Otsuka Munehiro, Miyamoto Takanobu, Ohara Jiro, Hoshimaru Minoru, Ueda Shigeo
Shin-Ai kai Spine Center, Katano Hospital, Katano City, Osaka, Japan.
J Neurosurg Case Lessons. 2024 Dec 23;8(26). doi: 10.3171/CASE24688.
A bipartite atlas is a rare congenital anomaly characterized by incomplete fusion of the anterior and posterior arches of the first cervical vertebra (C1). While typically asymptomatic, this condition can result in cervical myelopathy when accompanied by degenerative changes. This report presents a rare case of cervical myelopathy caused by a bipartite atlas in an older patient that required surgical intervention.
A 63-year-old male presented with progressive neurological symptoms, including impaired fine motor skills, pain, and paresthesias in both the upper and lower extremities. Imaging revealed a bipartite atlas accompanied by degenerative changes, resulting in significant spinal cord compression. The patient underwent a posterior decompression via C1 laminectomy and duraplasty, resulting in significant clinical improvement and a resolution of symptoms.

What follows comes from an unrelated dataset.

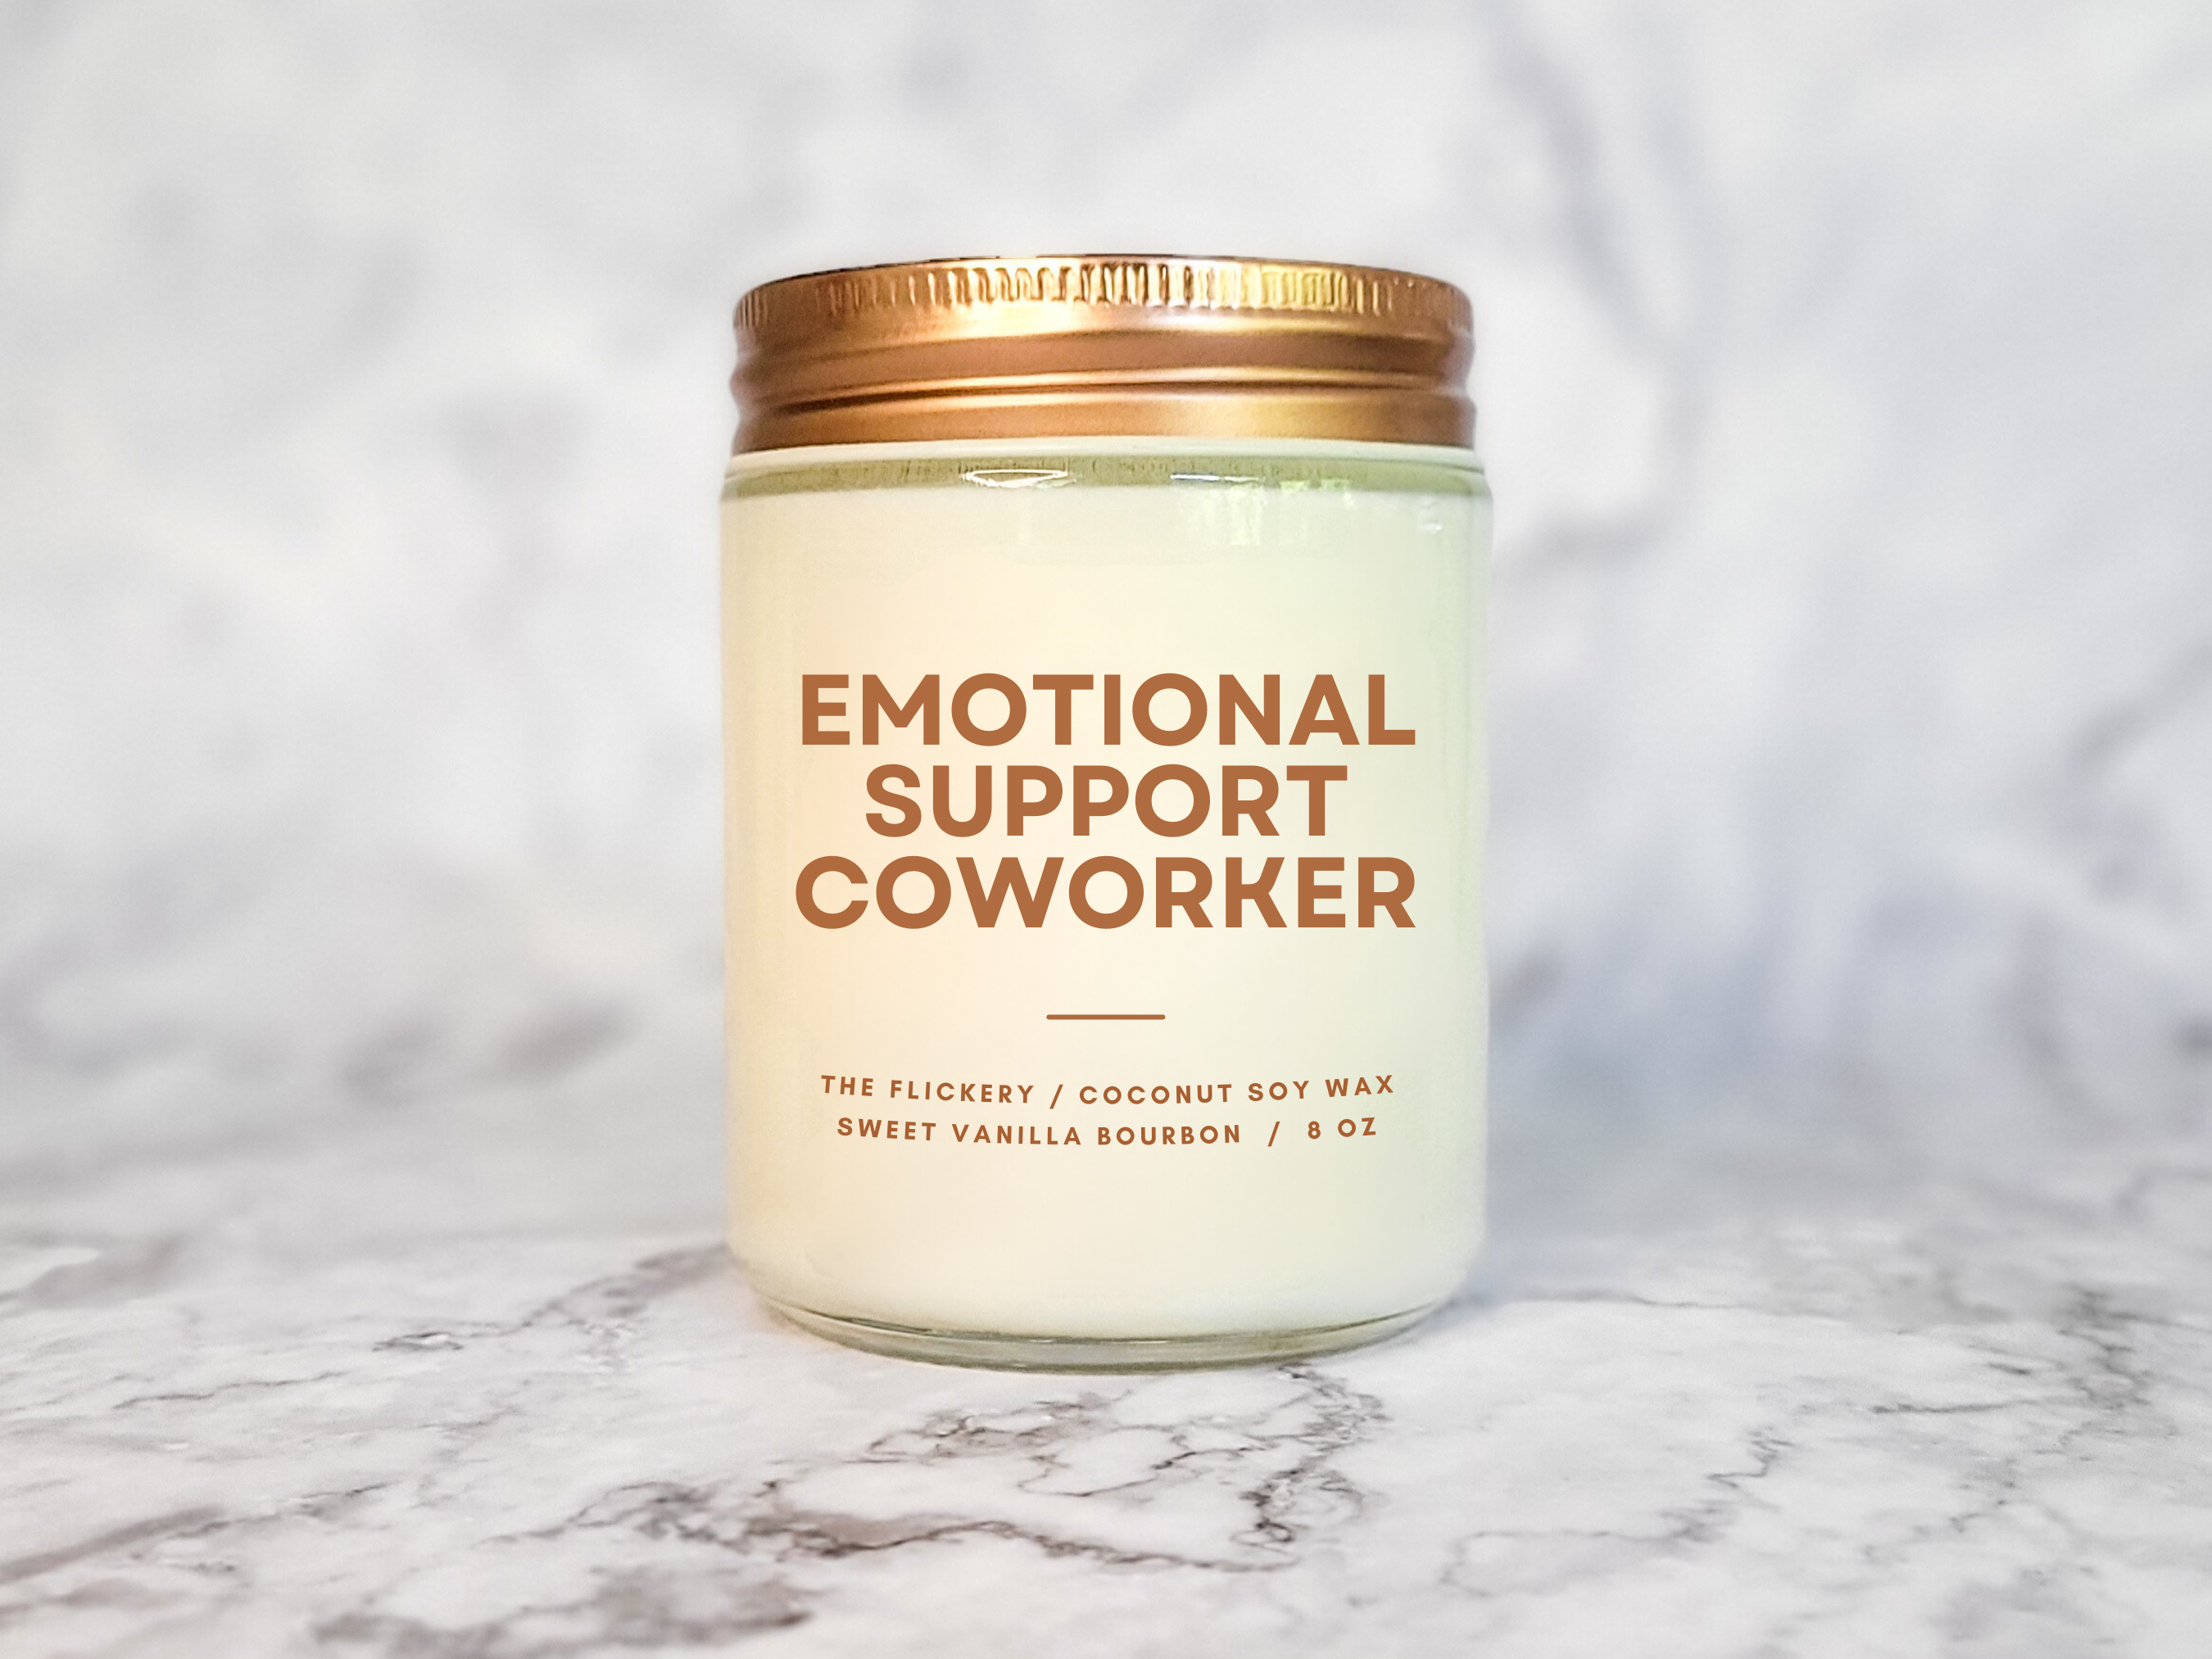 Emotional Support Coworker – The Flickery

This case highlights the importance of recognizing a bipartite atlas as a potential cause of cervical myelopathy, particularly in older patients with degenerative changes. This is a rare case in which congenital and degenerative factors are intertwined, underscoring the importance of a comprehensive pathological analysis and the development of a personalized treatment strategy. Prompt diagnosis and appropriate surgical intervention are essential for favorable outcomes. https://thejns.org/doi/10.3171/CASE24688.
二分寰椎是一种罕见的先天性异常,其特征为第一颈椎(C1)前后弓融合不全。虽然通常无症状,但当伴有退行性改变时,这种情况可导致颈椎脊髓病。本报告介绍了一例老年患者因二分寰椎导致颈椎脊髓病且需要手术干预的罕见病例。
一名63岁男性出现进行性神经症状,包括精细运动技能受损、疼痛以及双上肢和双下肢感觉异常。影像学检查显示二分寰椎伴有退行性改变,导致严重脊髓受压。患者接受了C1椎板切除术和硬脑膜成形术进行后路减压,临床症状得到显著改善且症状消失。